Groups or individuals would have access to the lodge area during the fall and winter by special arrangement with the Woodmont group.

During the rest of the year, the Izaak Walton League of America would manage the lands in cooperation with DNR. Hansen said the Walton League has to develop a management plan for the land over the next two years.

On the question of whether some might object to the Woodmont chapter using land purchased with taxpayer's money, Hansen said that the wildlife management area was purchased by the state for $3.1 million, but the Conservation Fund conveyed the lodge and grounds, appraised at about $1 million, at no cost.

Although the lease proposal is for 15 years, Hansen said it essentially would be a year-to-year deal with all parties having an out. There is a renewal option.

"It's going to be open to anybody, but they're going to have a fairly steep dues" and fees, he said of the Woodmont chapter. The group is expected to put about $500,000 into the lodge and grounds.

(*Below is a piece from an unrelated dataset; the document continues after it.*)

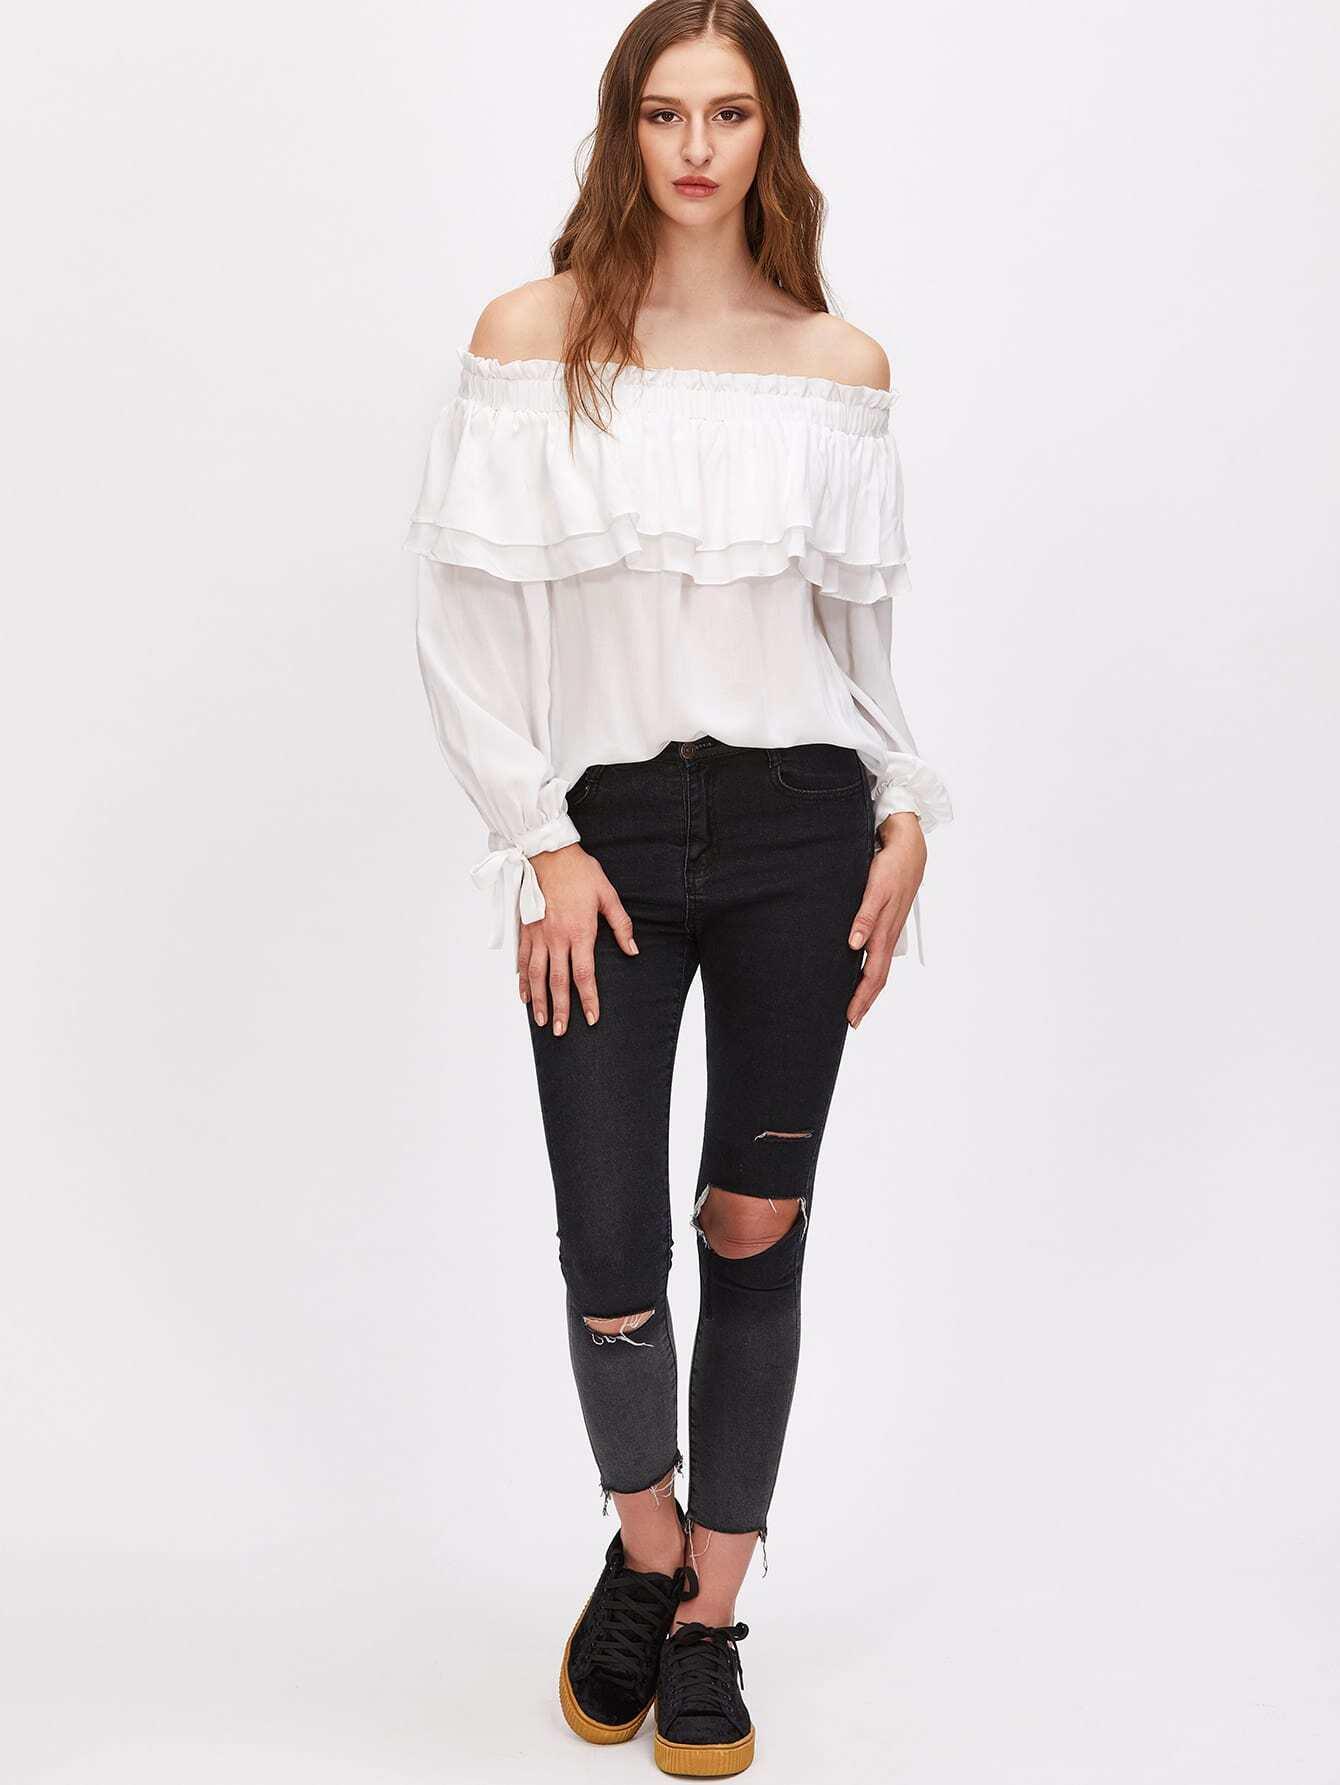 blouse161222702_2

Members will pay all maintenance and operations costs, including salary for a year-round manager who will work with the national group and DNR the other half of the year.

After the state bought Woodmont, "We looked for a partnership with a nonprofit entity to help us manage this responsibility," Michael Nelson, DNR's director of land and water conservation, said.

He called the involvement of the national organization of the league "a coup for Washington County."

In the future, the public can look forward to hunting and environmental education programs, seminars, open houses and other activities at the lodge, he said.

DNR spokeswoman Patricia Manown said that most of the acreage is open to the public for hiking, bird watching and hunting all year long.

Nelson said DNR will brief the Board of Public Works on the proposal on July 25.

The Izaak Walton League is a conservation organization named after the English author of that name who was known for his classic on fishing, "The Compleat Angler."